Write the listing below out again word for word, without a single picture.

---- Supplied material

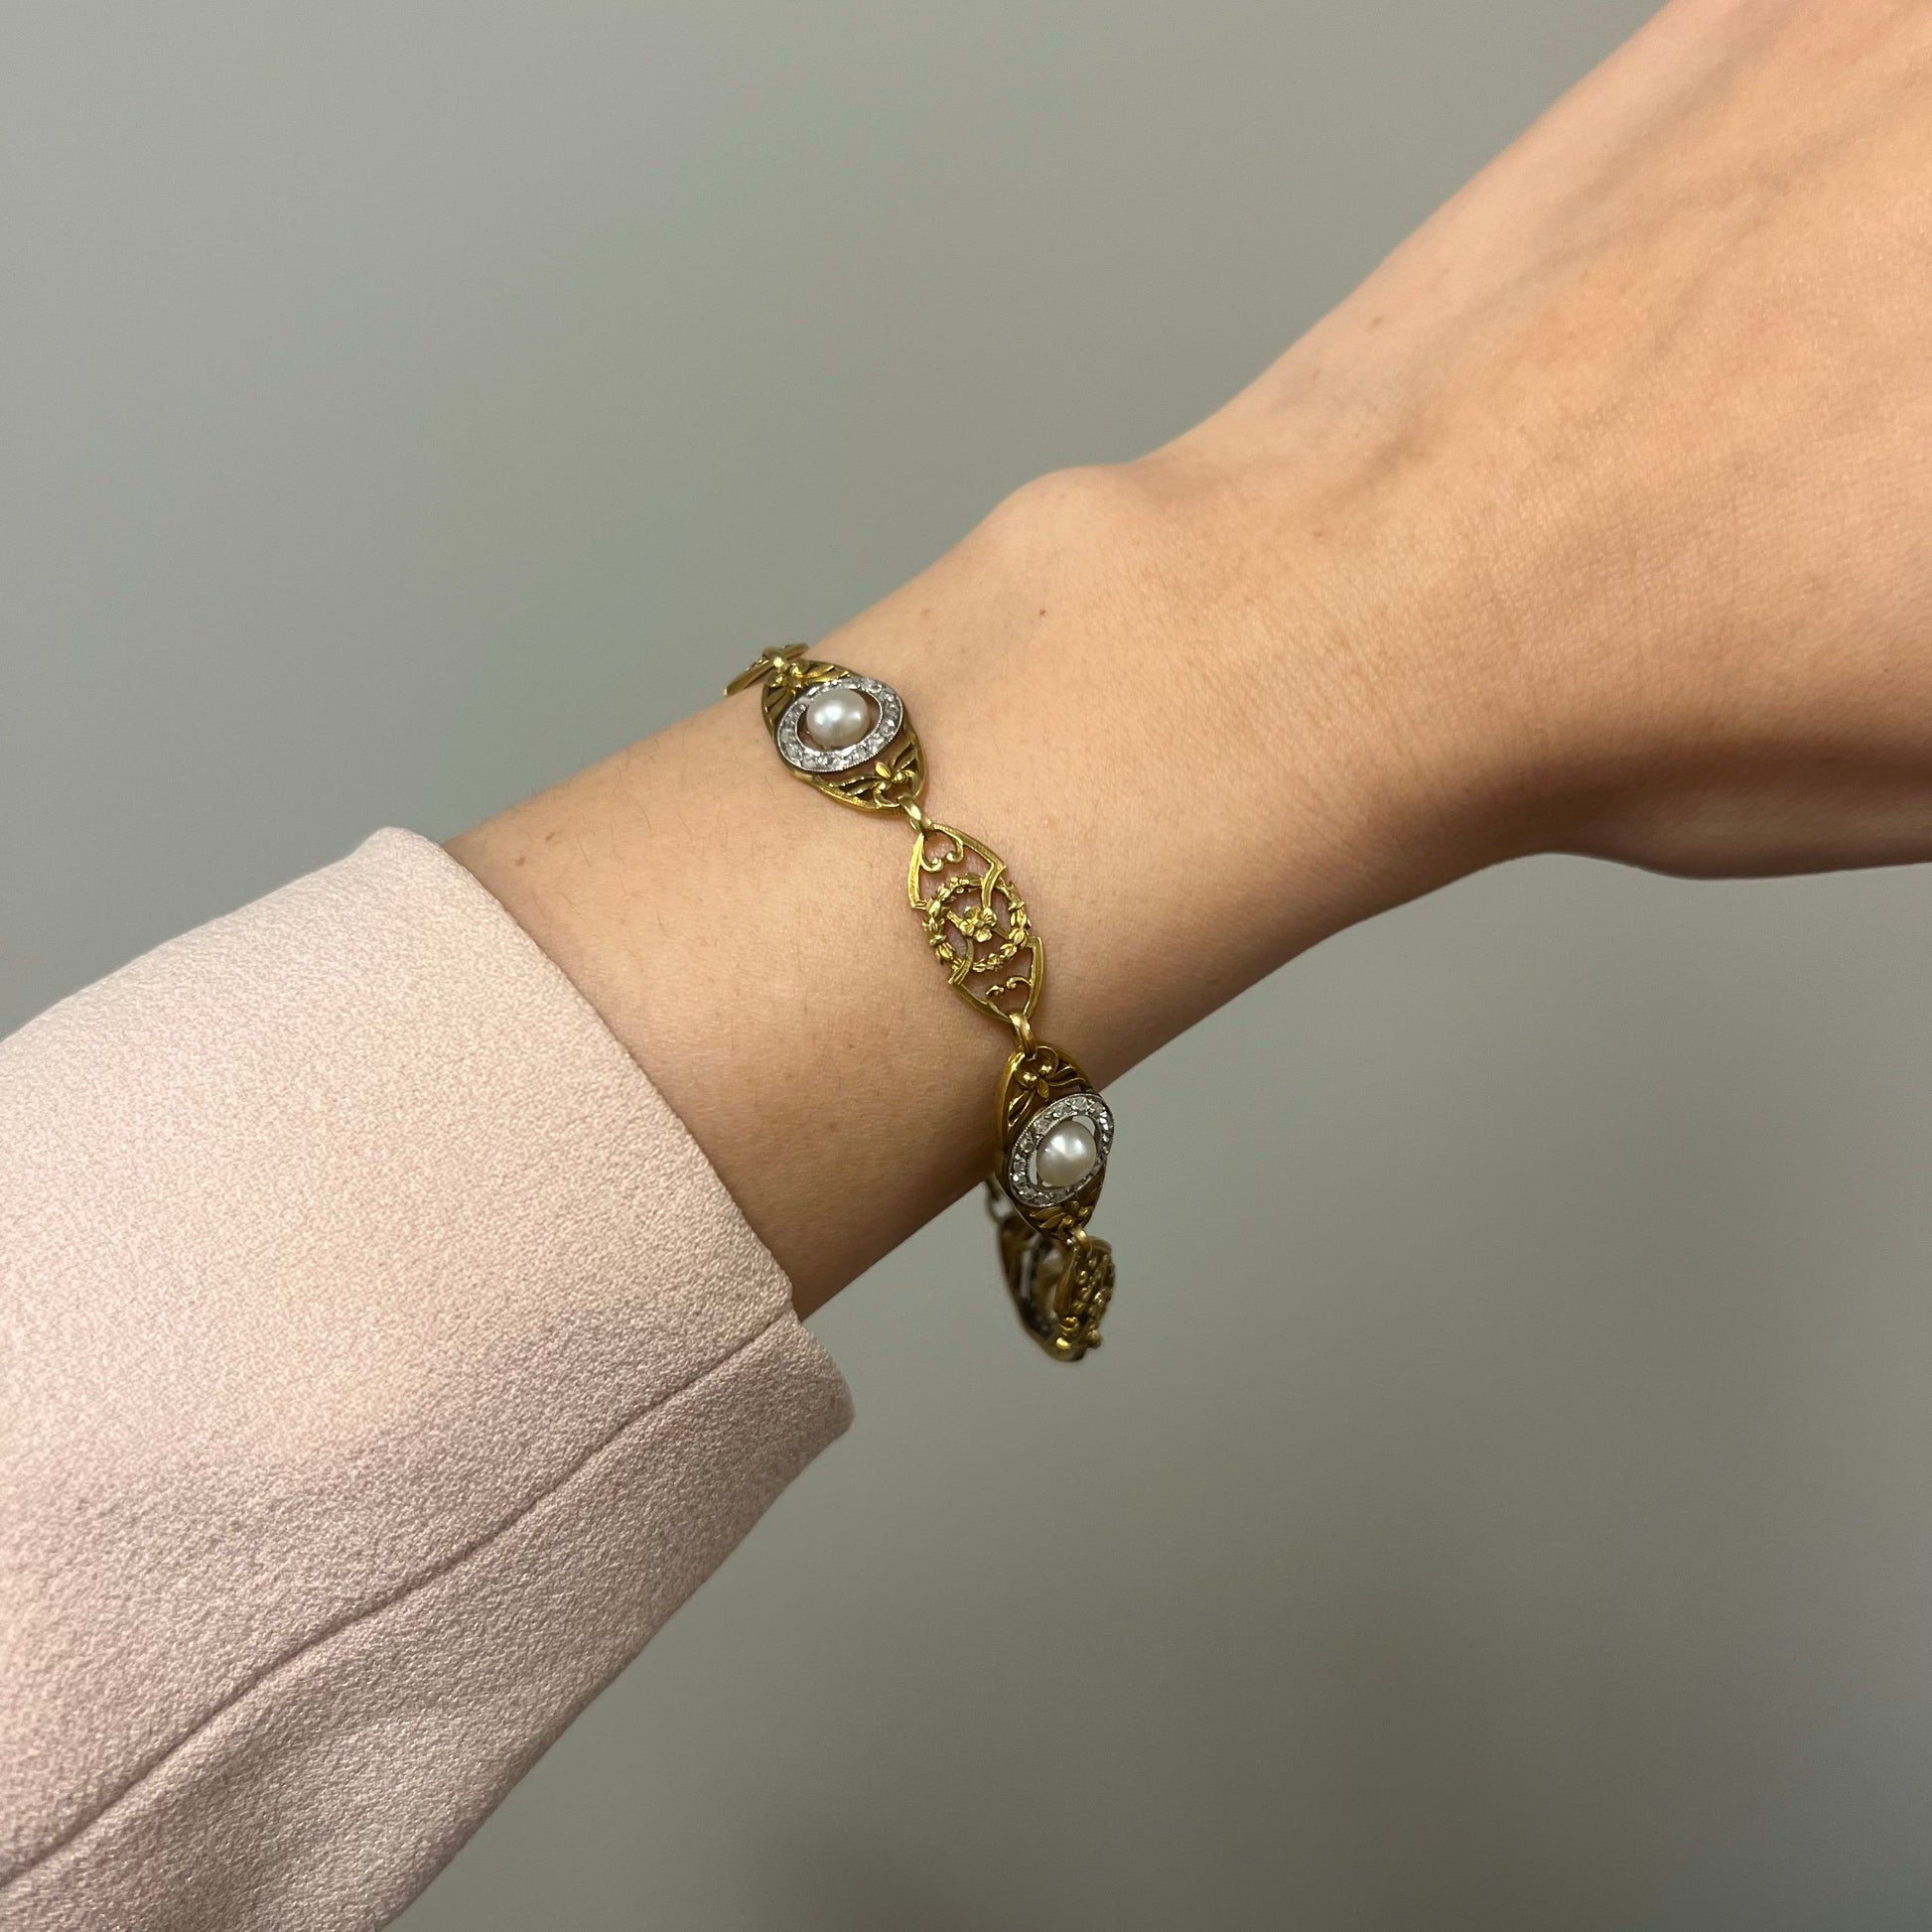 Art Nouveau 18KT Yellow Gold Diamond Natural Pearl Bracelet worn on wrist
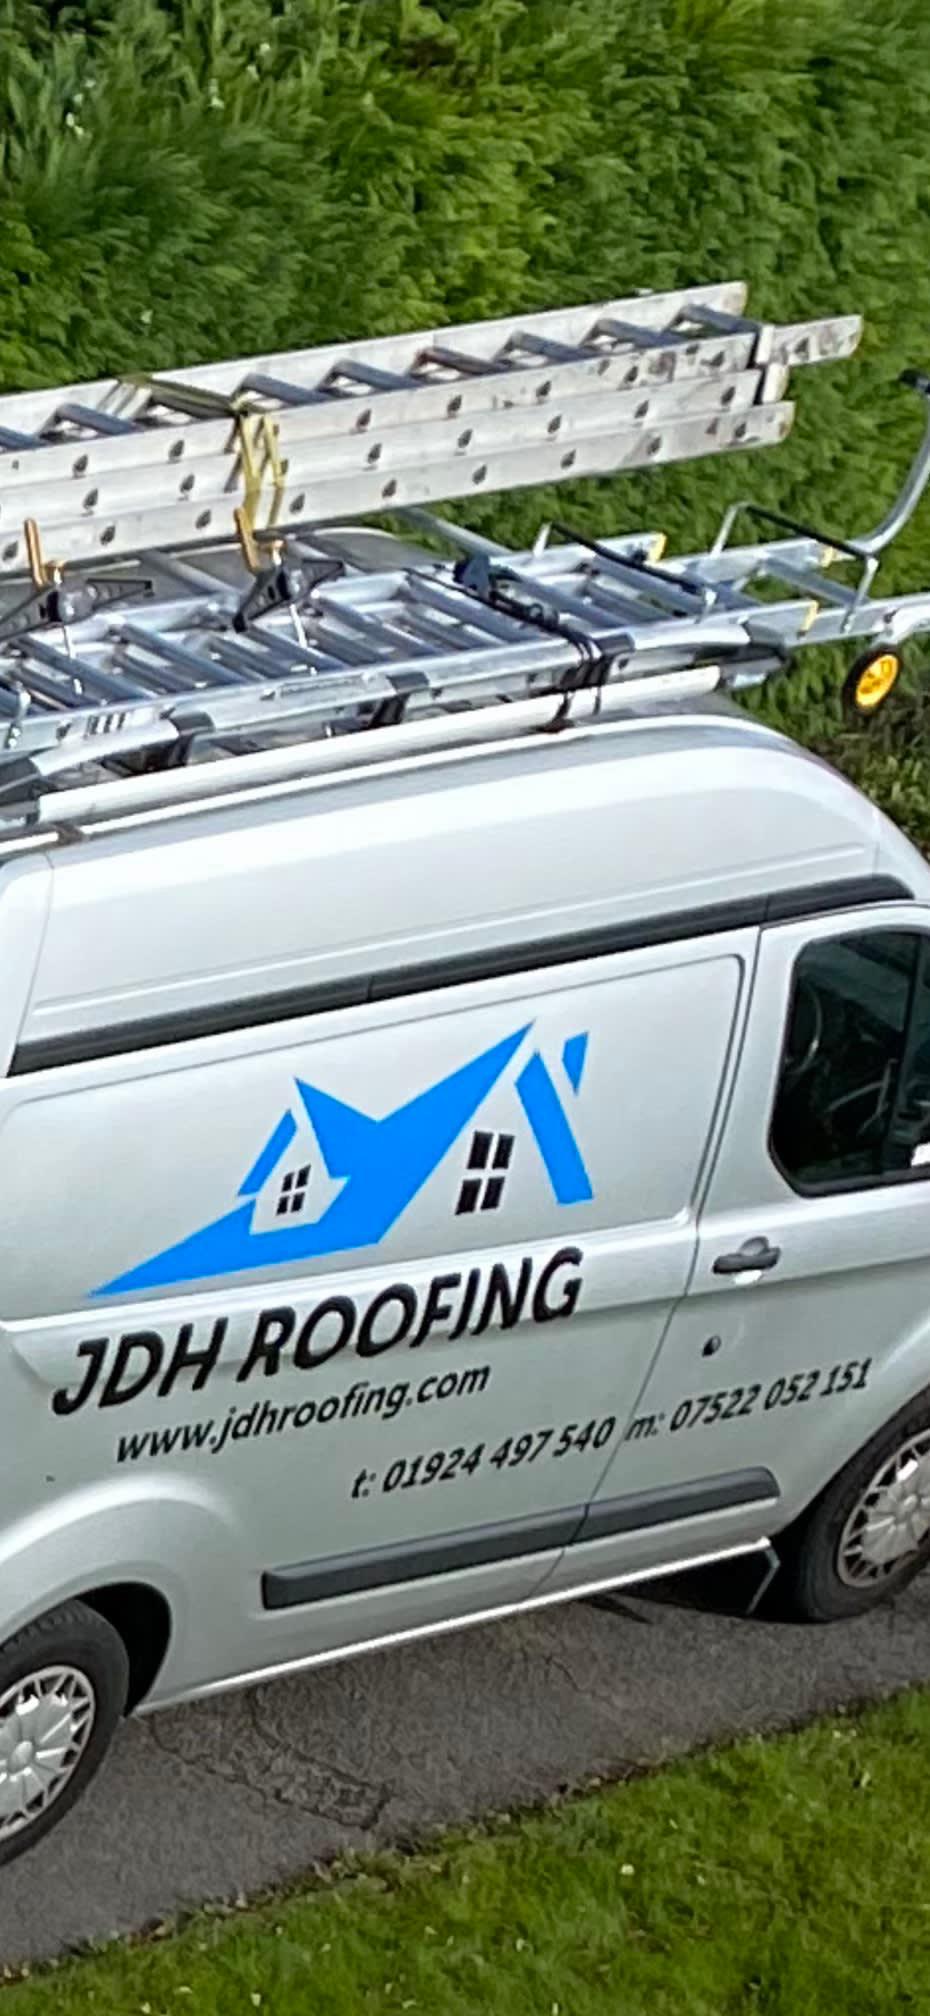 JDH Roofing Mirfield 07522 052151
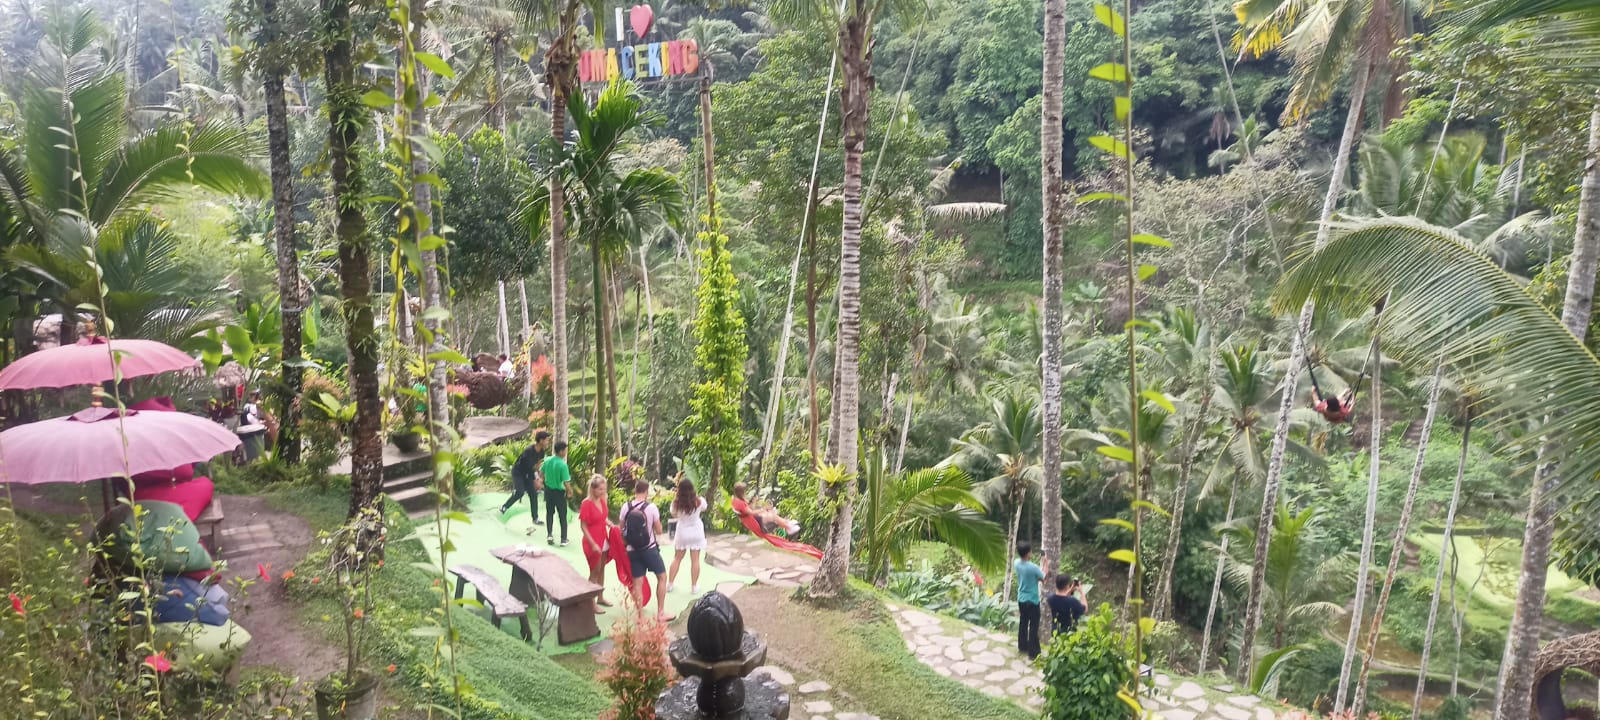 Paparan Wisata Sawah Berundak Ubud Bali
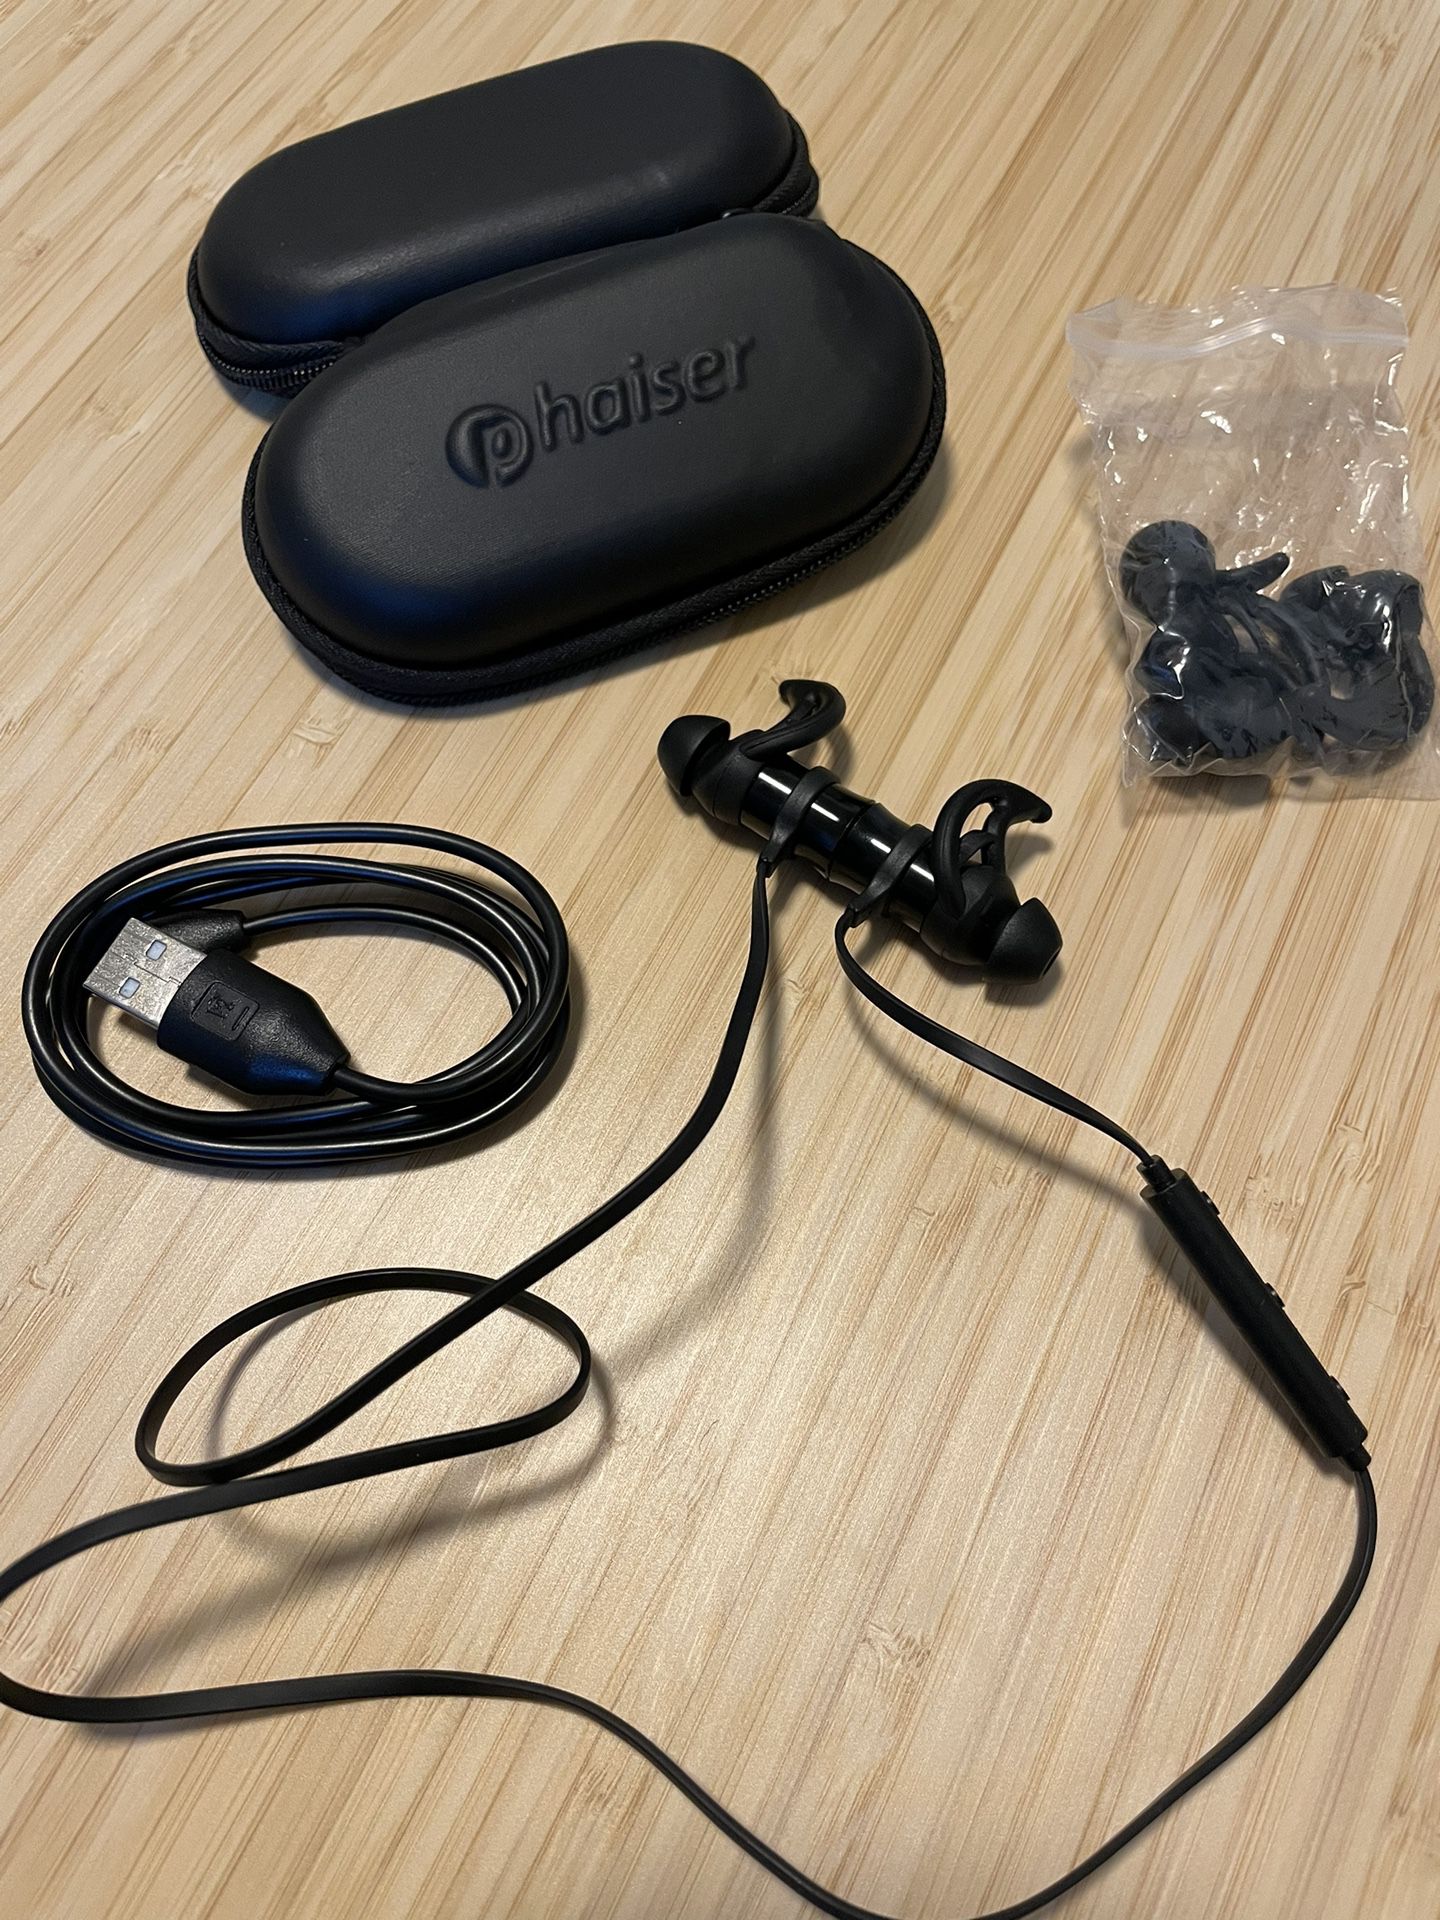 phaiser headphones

--------

Solution to this exercise>
 Art Nouveau 18KT Yellow Gold Diamond Natural Pearl Bracelet worn on wrist
 JDH Roofing Mirfield 07522 052151
 Paparan Wisata Sawah Berundak Ubud Bali
 phaiser headphones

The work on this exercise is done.